Monday, September 26, 2016 Headlines & Global News

Teleportation achieved by two teams of scientists

With the goal of developing faster transportation of information from point A to point B, two teams from Canada and China worked hard to get to another scientific breakthrough about “teleportation.”

By Shannon | Sep 23, 2016 11:22 AM EDT

Ari Dyckovsky is a finalist in the Intel Science Talent search
GAITHERSBURG,MD - March, 5:Ari Dyckovsky, 17, works on quantum physics experiments in the Physical Measurement Lab that deals with quantum computing and simulation Monday March 5, 2012 in Gaithersburg, MD at NIST, National Institute of Standards and Technology. Ari Dyckovsky is a finalist in the Intel Science Talent search. (Photo : Katherine Frey/The Washington Post via Getty Images)

If most people thought that quantum internet or quantum computers are impossible, Canada and China just reached a scientific breakthrough that proves that at least quantum teleportation can and did happen in their facilities.

Quantum teleportation is the phenomenon wherein the quantum state of a particle affects the quantum state of another through the property commonly known as entanglement. This property states that changing the quantum state of one particle will alter the quantum state of another particle that it is entangles with.

To better understand quantum teleportation, Yahoo! News provides a scenario:

Imagine, if you will, three people: Alice, Bob and Charlie. Alice wants to send information to Bob. In order to do so, she prepares a photon she wants to teleport and sends it to Charlie, while Bob entangles two photons and sends one of them to Charlie.

When Charlie receives the two photons, one each from Alice and Bob, he carries out what's known as a Bell-state measurement, which actually forces the two to become entangled.
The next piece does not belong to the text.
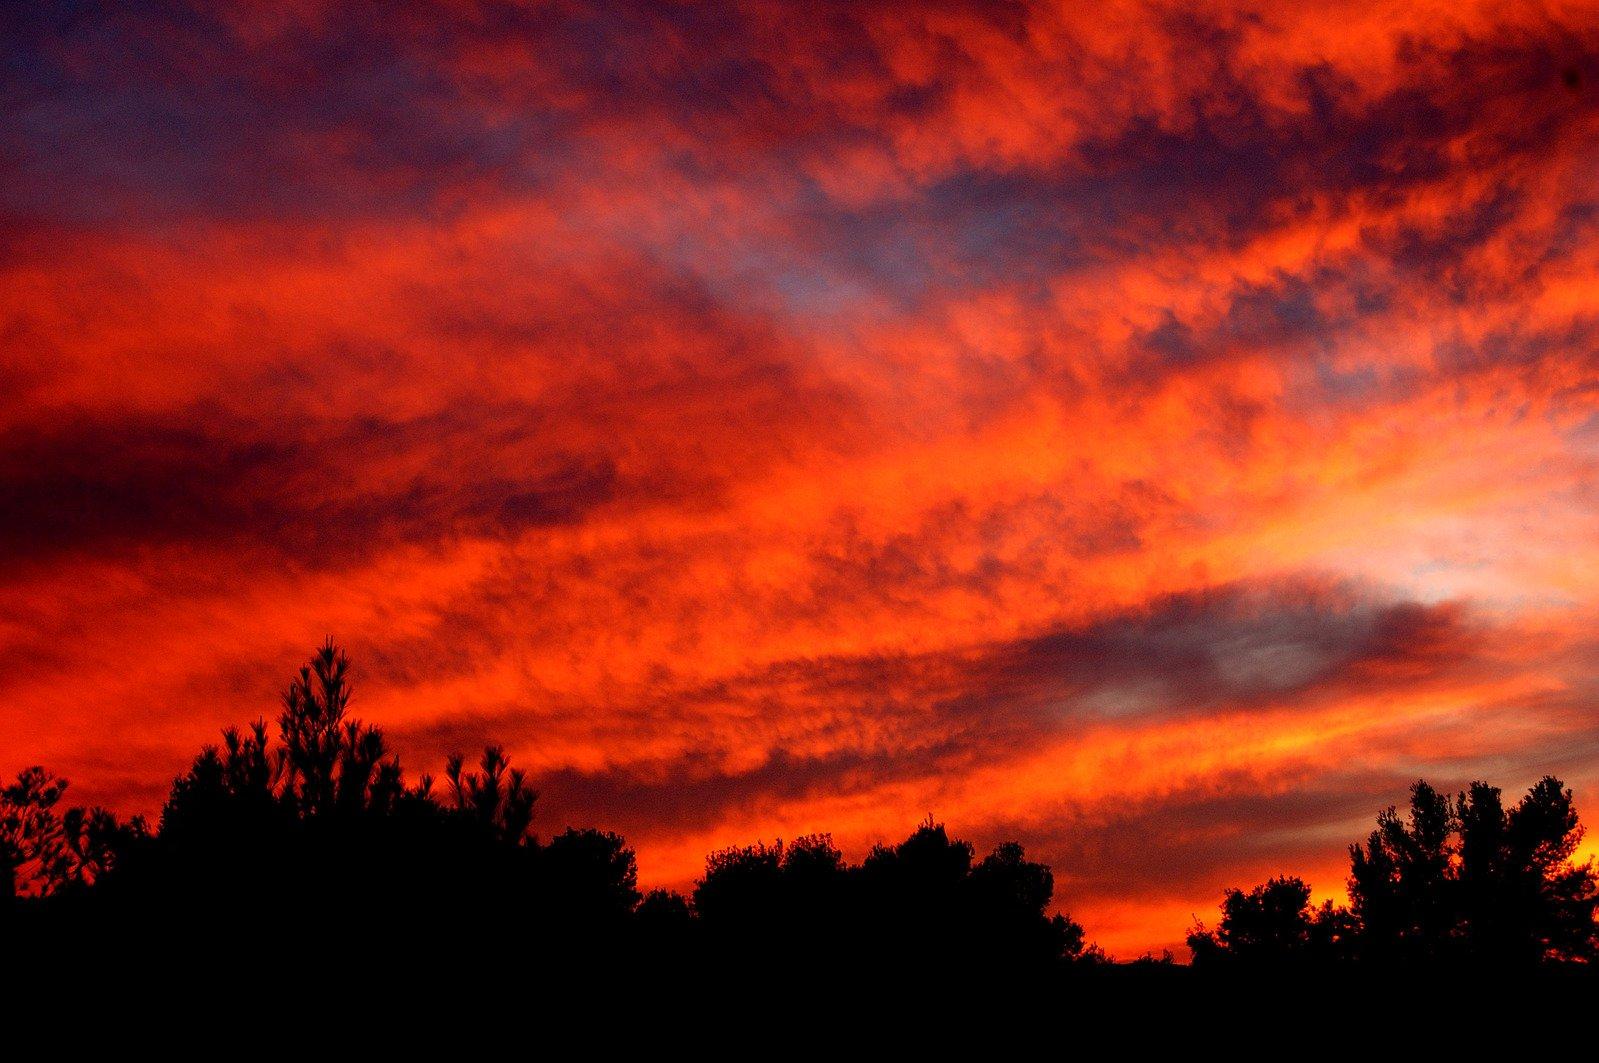 Cielo Rosso Di Notte.Free Cielo Rosso Di Notte Stock Photo Freeimages Com

This, in turn, causes the photon Bob has to collapse into the state of Alice's original photon, thereby teleporting quantum states between Alice and Bob, who can, in theory, be separated by a distance of miles.

The teams from Canada and China achieved quantum teleportation. The Canadian team was able to send quantum information 6.2 kilometers away of Calgary's fiber optic network and the Chinese team achieved 12.5 kilometers through a slightly different configuration.

"The two experiments can be seen as milestones on the path to a long-term goal, namely to build a fibre-based quantum internet connecting large cities," said Johannes Kofler at the Max Planck Institute of Quantum Optics in Munich, as reported by New Scientist.

The significance of this scientific breakthrough lies in the heart of the evolution of communication wherein information can travel far faster than how it does right now. Quantum computers will be able to do operations faster than imaginable. Quantum internet would allow you to dive into the world of web faster and with better security.

Though it might not be the teleportation that science fiction introduced, the idea of quantum teleportation is no less awe-inspiring.